The Diving Bell and the Butterfly (movie, 2007)

We are all doomed, all facing annihilation at an hour approaching more rapidly than we would like to admit. In the meantime, we seek to communicate our experiences to our fellow living beings. We want others to know what life feels like from our perspective, perhaps even after we are gone.

The Diving Bell and the Butterfly is the story of Jean-Dominique Bauby, a real-life Frenchman who engaged this struggle with rare intensity.

Bauby, the editor-in-chief of Elle magazine, suffered a stroke in 1995 that put him first into a coma, and then into a condition known as “locked-in syndrome” — being awake and aware, but completely paralyzed.

Well, not completely. He is able to blink one eye. To keep his other eye from drying out and turning septic, it is stitched closed.

Watching for blinks of this one eye as the alphabet (reordered by letter frequency) is recited to him, Bauby’s thoughts are painstakingly reassembled into words, phrases, and sentences.

Except for this, he lies in his hospital bed or sits in a wheelchair. He is a silent, motionless witness to whatever is in front of him — even if that’s hours on end of undesirable television, or simply a black screen that someone has arbitrarily switched off.

Three beautiful and heartbreakingly compassionate women assist Monsieur Bauby in each tiny step of his struggle — two therapists and a transcriber. But of course such pleasantness is double edged: This father of three through his estranged girlfriend, in the midst of a love affair with a second woman, now finds himself with a sewn-shut eye and a sagging, drooling lip, able only to gaze longingly at these three new caring angels.

Mathieu Amalric stars in the film, with Emmanuelle Seigner as his estranged girlfriend, Marie-Josée Croze as his speech therapist, Anne Consigny as his transcriber Claude Mendibil, and Olatz López Garmendia as a his physical therapist.

The Diving Bell and the Butterfly (movie, 2007)

While the cast is very good, and Max von Sydow turns in a superb and moving performance as Bauby’s father, the main achievement of this movie is director Julian Schnabel‘s success in putting us into Bauby’s physical space. A good portion of the film is shot through Bauby’s one eye, fixed on a spot as visitors move in and out of the frame, or panning haphazardly as Bauby’s wheelchair is carried up stairs. His dejected thoughts are narrated in a tight space, giving us the locked-in, “diving bell” sensation referenced in the title. His memories and imagination permit escape from this prison now and then.

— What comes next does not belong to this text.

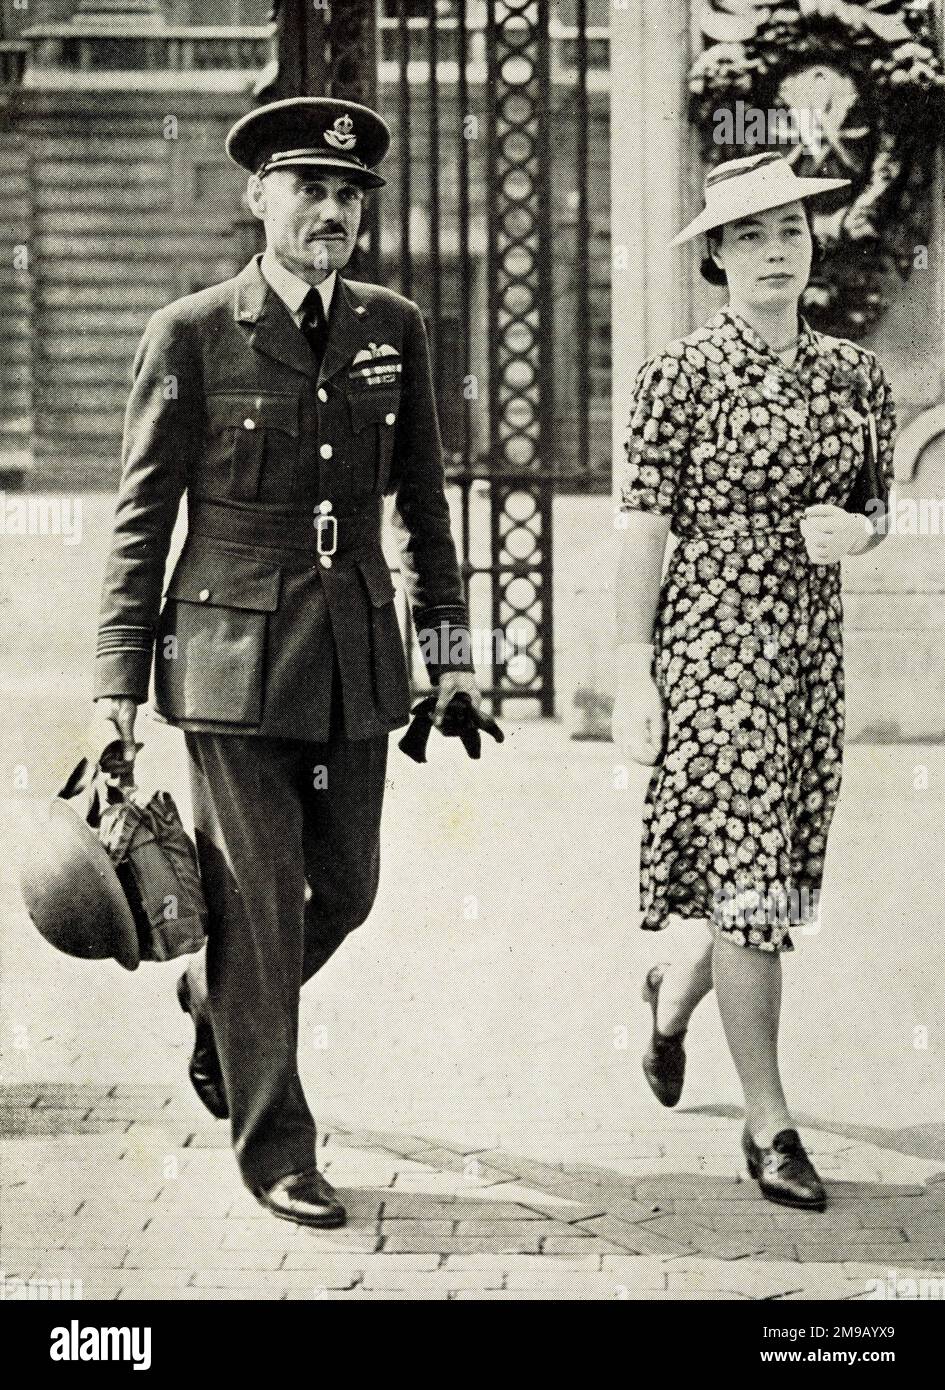 Chef de l’Escadron de la Force aérienne royale L.A. Étrange quittant Buckingham Palace après avoir été présenté au roi George VI pendant la Seconde Guerre mondiale. Banque D'Images

The title also mentions a butterfly, but this movie does not stray into maudlin sentimentality or orchestrated inspiration. On the contrary, its tone is very matter-of-fact. Calm and steady courage are seen as a practical approach to a daunting situation. There are no orchestral swells, but the soundtrack does include a few very effective snippets from the likes of U2 and Tom Waits.

Apparently, there has also been some controversy regarding the movie’s portrayal of Bauby’s girlfriends as compared with that of the book, and also the first girfriend’s real-life involvement with the projects. Having only seen the movie, I would be interested in reading the book sometime.

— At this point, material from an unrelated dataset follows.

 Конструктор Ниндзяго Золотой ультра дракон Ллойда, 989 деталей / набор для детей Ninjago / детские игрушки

The Diving Bell and the Butterfly was nominated for four Academy Awards. It is very worth watching for the empathy it fosters, reminding us of the harsh limits life can impose, and the unlimited potential of humans to exceed them.I rate it four out of five stars at Netflix.

(Use the “set-up” menu on the DVD to choose between French or English audio and subtitles. On our machine, for some reason, the subtitles defaulted to a commentary in English, but we were able to switch to regular English subtitles after some brief confusion.)